My cousin bitches about the internet being slow but won’t help me fix it.
My aunt told me to clean my room, then she fell asleep on the couch.
My uncle said he was going to help me move, but he just sat there eating a bag of chips.
5
Jack Hills is where people drink, chase cows, and sit around a fire until someone gets burned, and they think it’s the best day ever.
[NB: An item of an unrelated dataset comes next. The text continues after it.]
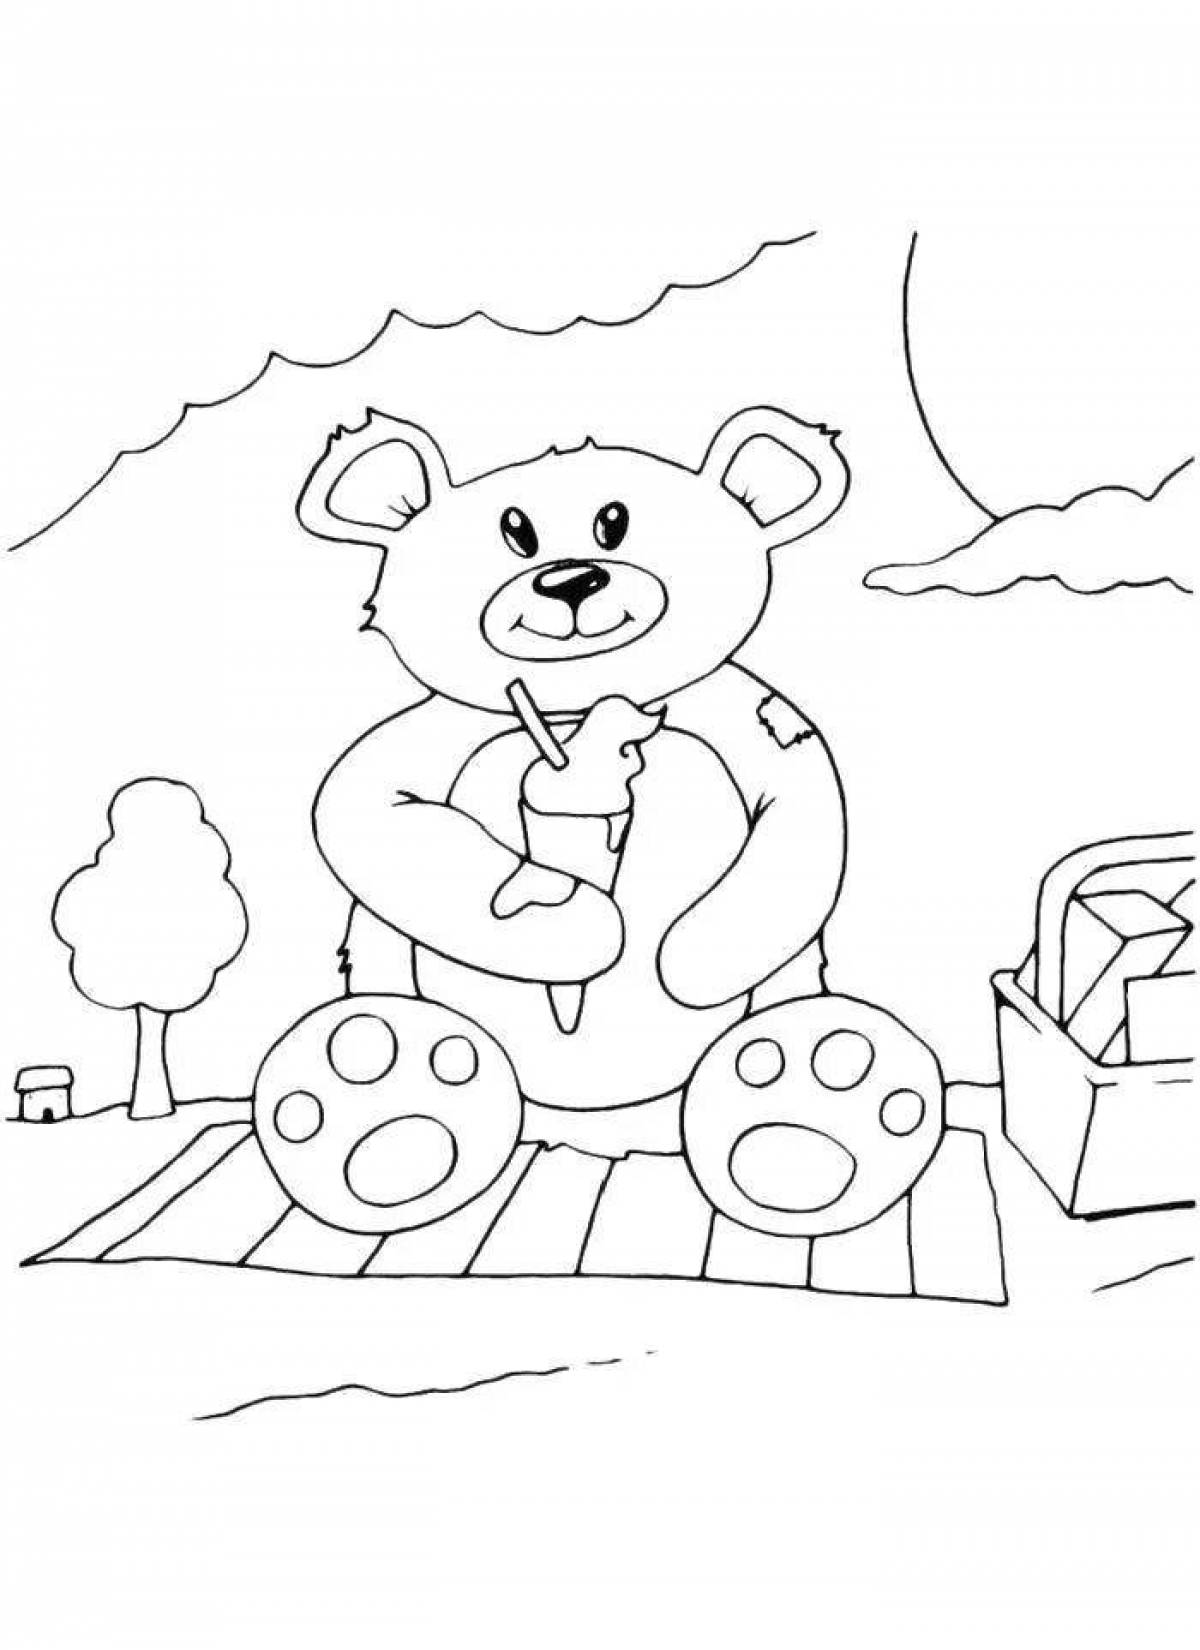 Two greedy teddy bears fun coloring book

My cousin got burned trying to catch a cow with a 4-wheeler and still thinks it was worth it.
My uncle sat by a fire until he fell in and got a third-degree burn.
My neighbor spends all day at a truck stop drinking and chewing tobacco like it’s his job.
6
Jack Hills is where people act like they’re from the mountains, and they think being a ‘hill jack’ is the most important thing in the world.
My cousin acts like he’s a mountain man even though he lives in a house.
My neighbor thinks hill jacking is a real job and not just a stupid word.
My uncle thinks being a hillbilly is a superpower and not just a stereotype.
7
Jack Hills is where people think having a recliner in the back of a truck is the fanciest thing ever, and they’re not wrong.
My uncle has a recliner in his truck and thinks it’s a luxury.
My cousin’s truck is so fancy he even has a TV in the back.
My neighbor’s truck is so packed he can’t even sit down.